Shawn walked over to me then. Stood close. I could smell him—cedar and musk, that imported shampoo Marga had brought back from her last trip to the coast. He used to smell like me. Like us. Like home.

He leaned in, close enough that I could feel the heat of him, close enough that my instincts screamed for the comfort of his scent-mark.

Then he turned his head away. Just slightly. Just enough.

"Kids say what they think," he said, his voice smooth, reasonable, final. "Don’t take it personally."

He didn’t say he’d talk to her. He didn’t say he’d take me south.
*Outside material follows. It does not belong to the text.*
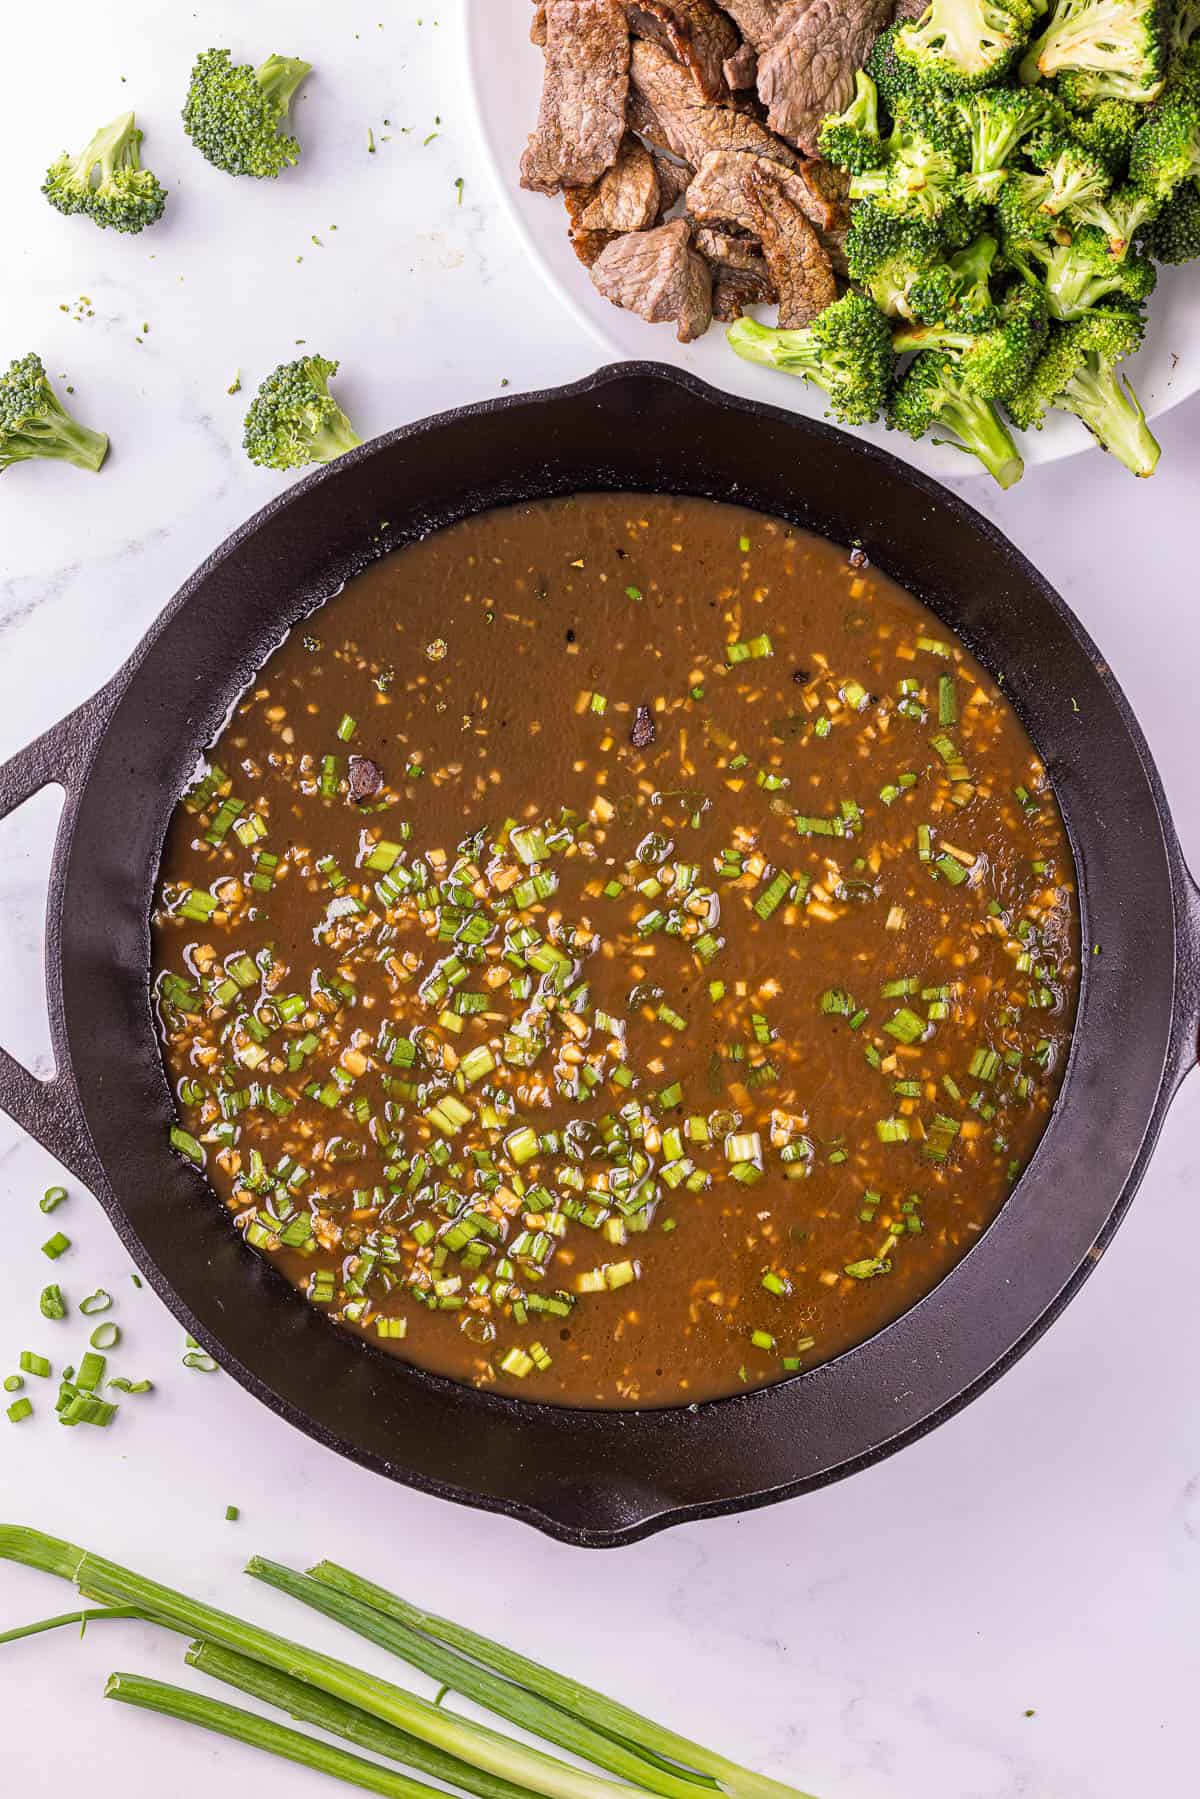 Thickening sauce in pan for Easy beef broccoli one pan meal.

He just walked past me, his shoulder brushing mine with deliberate indifference, and disappeared into his study.

That night, I lay in bed while Shawn showered. When he came out, he smelled like a stranger.

"Turn over," he said. "Your scent keeps me awake."
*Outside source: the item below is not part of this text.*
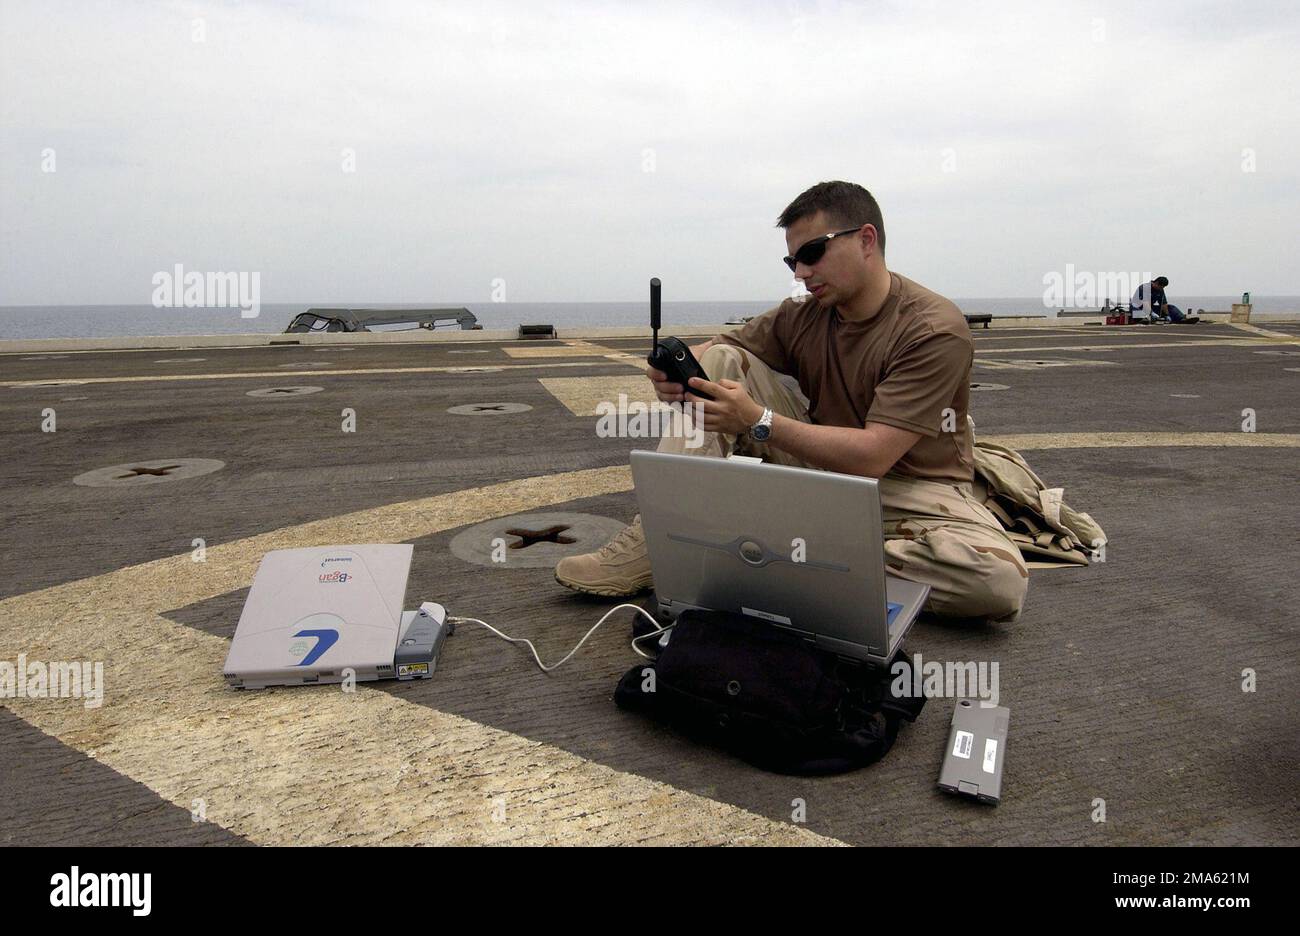 050419-N-7631T-002. [Complete] Scene Caption: US Navy (USN) Photographer's Mate First Class (PH1) Aaron Ansarov, attached to Fleet Combat Camera, Atlantic, calls his chief using an Iridium Satellite phone informing him of imagery being transmitted via Regional Broadband Global Area Network (RBGAN) satellite transmitter while onboard the Austin Class Amphibious Transport Dock ship USS DULUTH (LPD 6). Both Iridium and RBGAN allow deployed combat camera teams the ability to move imagery any time, anywhere with access to the Internet and phone lines in some of the most remote areas through out the Stock Photo

I stared at the wall. I didn’t cry. I was past crying.

But then, just as sleep was about to take him, he murmured into the darkness, half to himself, half to me. "Five more days. Then it’s done. Then we can breathe."

My heart stuttered. Five days. The Rite of Age. And then... the promise?

"Shawn?" I whispered. "Are we... are we going to the Southern Coast? After Kurt’s ceremony?"

He was already snoring.

But his words hung in the air like incense. Five days.

I rose before dawn, my hands shaking with a fragile, terrible hope. I pulled the old leather trunk from beneath our bed—the one I’d brought with me when I left my father’s house twelve years ago. I began to pack. Light dresses for the southern heat. The crystallized honey cakes my father used to love. A scarf my mother had woven, tucked away in tissue paper.

I was folding the third dress when I heard Shawn’s voice from the study, low and intimate, speaking into his communication crystal.

"Yes," he said. "Five days. The Southern Coast... I know, I know, she’ll be thrilled... No, she doesn’t know yet. I want it to be a surprise."

I froze, the dress clutched to my chest.

The Southern Coast. The warm waters. The place I’d dreamed of for twelve years.

He was planning the trip. He was really taking me home.

I pressed the fabric to my face and let the tears come, hot and grateful and blind.